§ AIM OF THE TASK
Two lines in the listing below mark the span: one contains "landsbygden scen med" and one contains "Europe in World War One". Reproduce both of them and everything between, exactly.

§ SOURCE RECORDS
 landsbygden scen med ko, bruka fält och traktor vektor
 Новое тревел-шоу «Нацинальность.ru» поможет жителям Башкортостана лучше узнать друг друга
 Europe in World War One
...
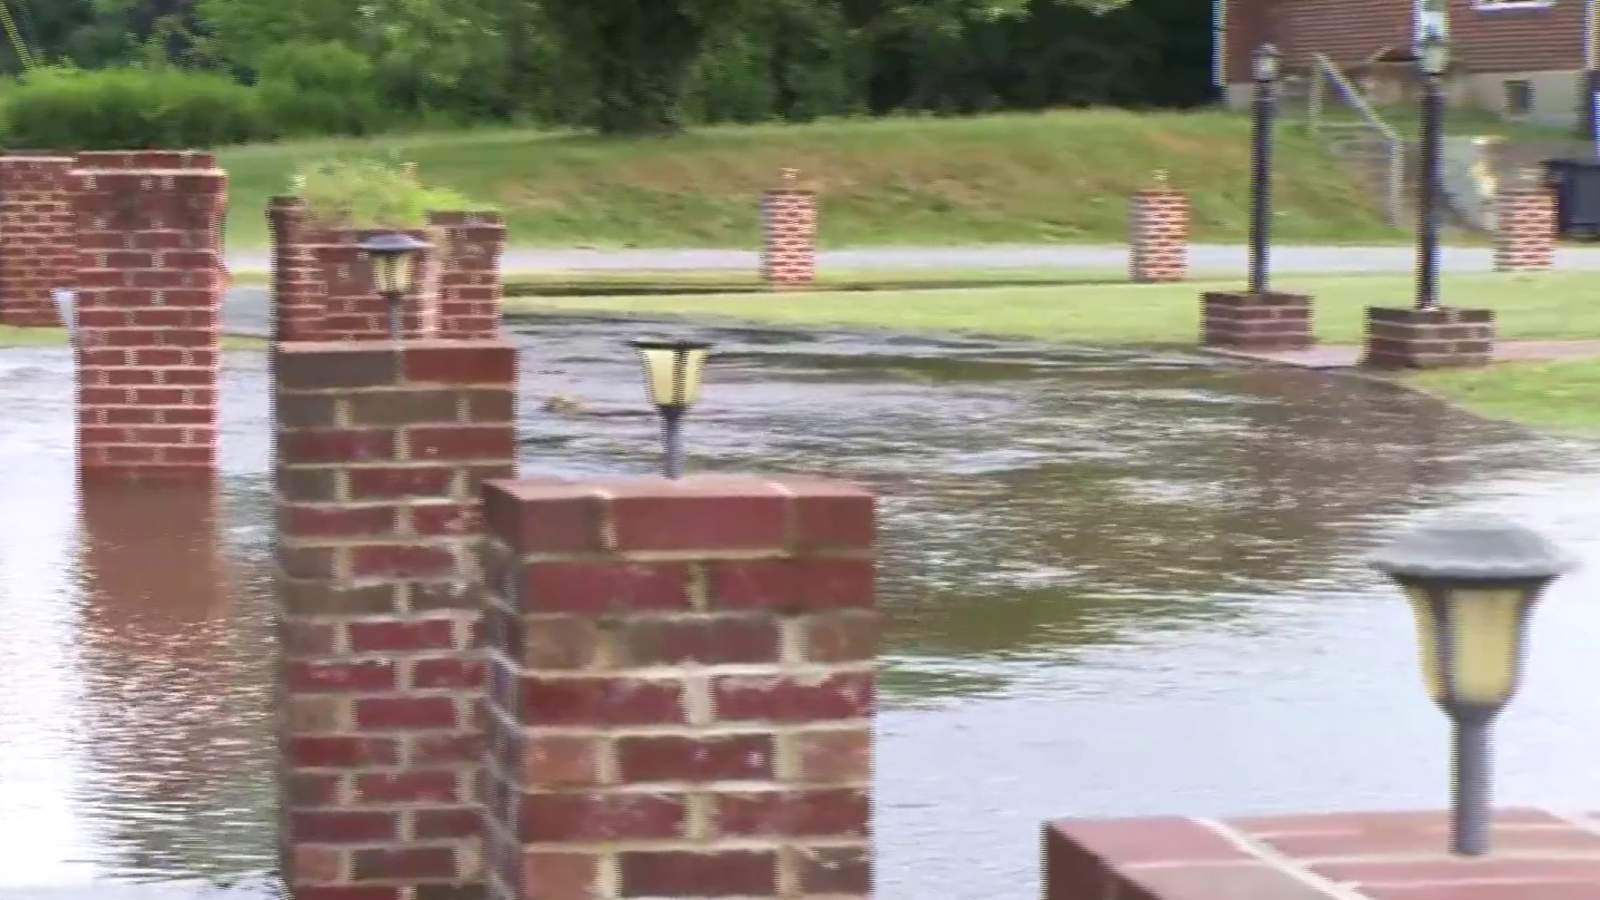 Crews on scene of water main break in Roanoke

§ REPLY TO THE EXERCISE
 landsbygden scen med ko, bruka fält och traktor vektor
 Новое тревел-шоу «Нацинальность.ru» поможет жителям Башкортостана лучше узнать друг друга
 Europe in World War One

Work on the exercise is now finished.